With regards to the inference, if you let TypeScript infer the type it will use your input to infer the output of the function. What it seems you are asking for is that the function's second argument MUST be of type Photo, which isn't inference, and can't be inferred unless you pass it a variable that is of type Photo already. For TS to infer, you'd need to replace your last line with something like:

const myPhoto: Photo { id: 4, name: 'my-photo' };
const extendedPhotos = extendWith<Photo>(photos, myPhoto);

So that TypeScript can use the information from the input values to infer the output value.

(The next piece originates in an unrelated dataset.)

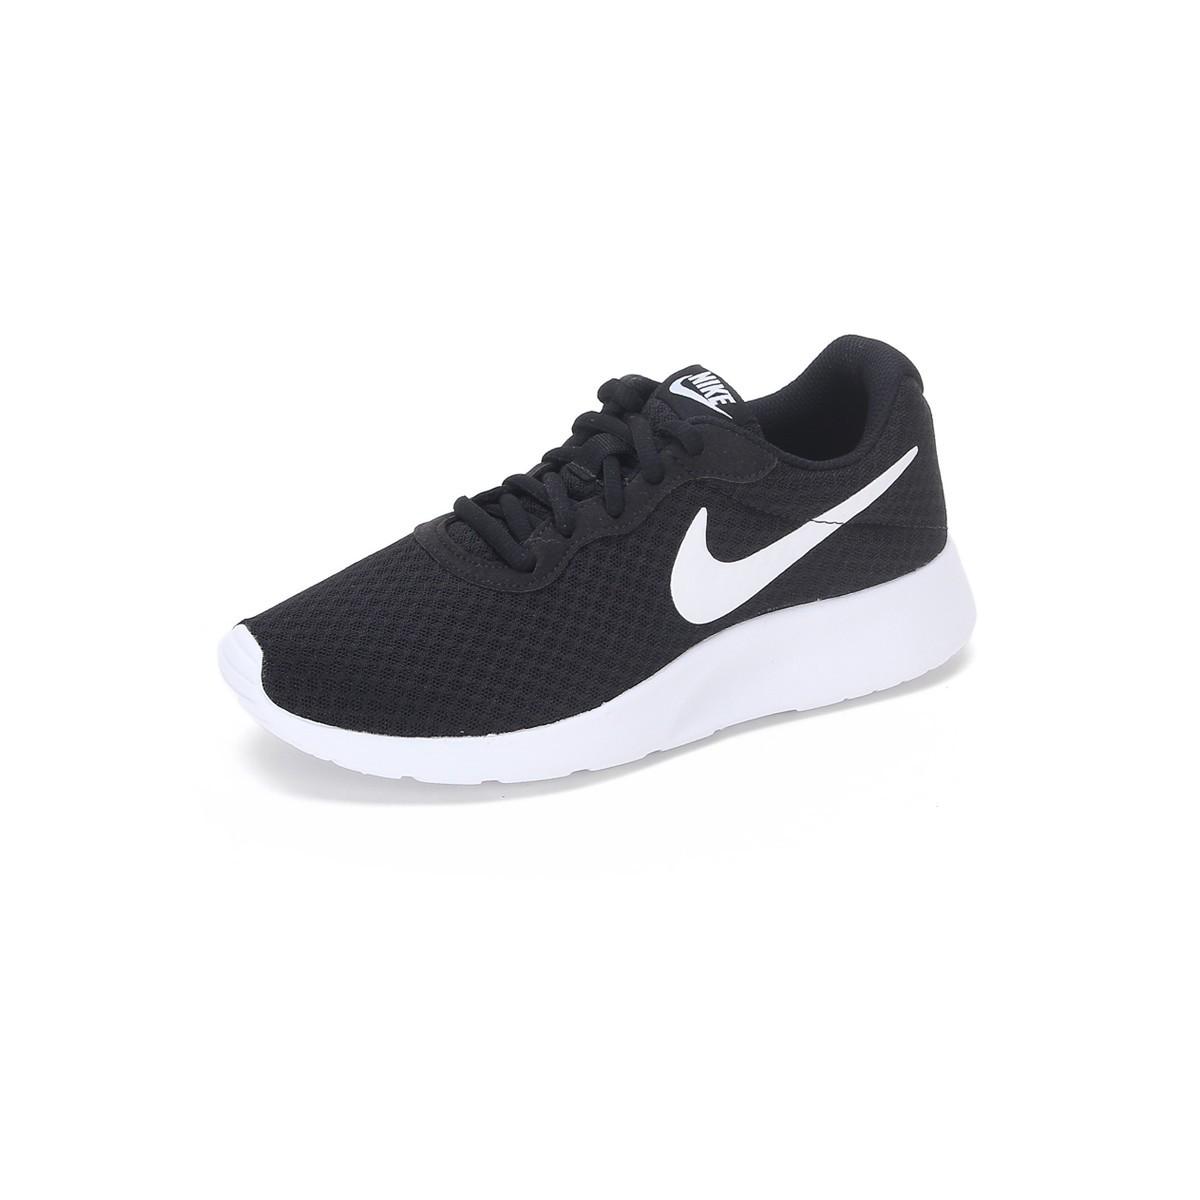 NIKE 耐克 Tanjun 女士休闲运动鞋 812655-011 黑色/白色 36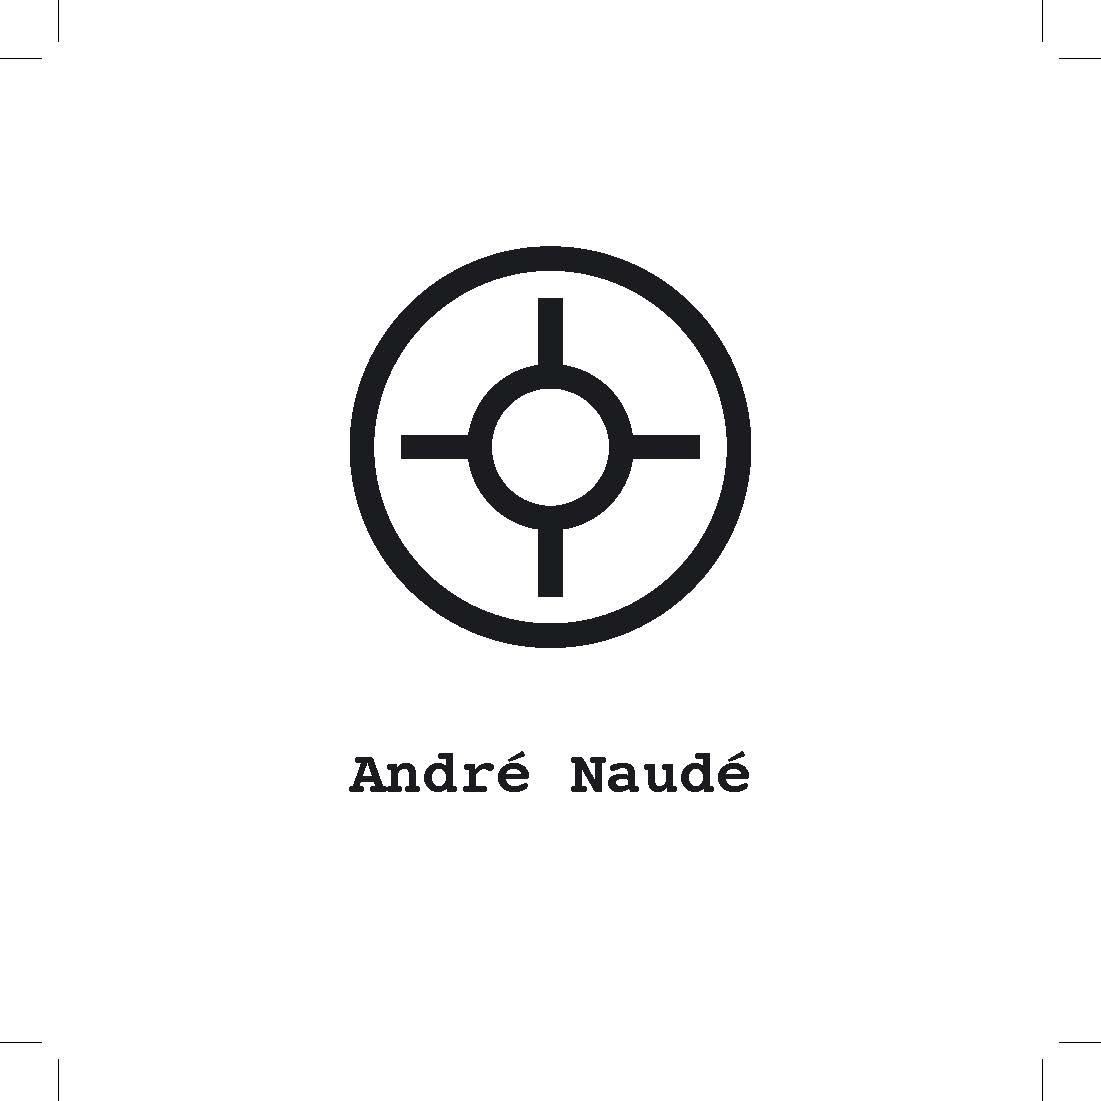 MAP Southafrica - André Naudé

CodePudding user response：

This can be done (though this example will need extending):

type Index = string | number;
type ObjectWithIdIndex = { id: Index };

function extendWith<O extends Record<Index, ObjectWithIdIndex>>(obj: O, v: O[keyof O]): O {
    (obj as Record<Index, ObjectWithIdIndex>)[v.id] = v;

    return obj;
}

The types of these parameters can be reduced to:

• requiring that obj is an object with values that have id properties. We can constrain this by only accepting types that extend Record<Index, ObjectWithIdIndex>. So the following should give a type error:

extendWith(null, { id: 3, name: "photo-4" }); 
extendWith({ abc: 1 }, { id: 3, name: "photo-4" });

• requiring that v is of the same type as of the values of obj. We can constrain this with O[keyof O]. As keyOf is a union of the properties of obj, O[keyof O] is a union of the values of these properties. The following should also give a type error:

interface Photo { id: number; name: string; }

const photos: Record<number, Photo> = {
  1: { id: 1, name: "photo-1" },
  2: { id: 2, name: "photo-2" }
};

extendWith(photos, { id: 4, name: "photo-4", abc: 2 });
extendWith(photos, { id: 4, name: 1 });
extendWith(photos, { name: "abc" });
extendWith(photos, null);

When calling extendWith, typescript will infer a more specific type for obj than Record<Index, ObjectWithIdIndex>. This has the consequence that:

• We can use this type to infer the types of obj's values and then constrain v.
• We can no longer assign new properties to obj as typescript doesn't know if obj is still an extensible Record type (eg. { a: 1 } is a subtype of Record<string, number>, but new properties can't be assigned to it). We can however cast obj back to its more generic type and then extend it.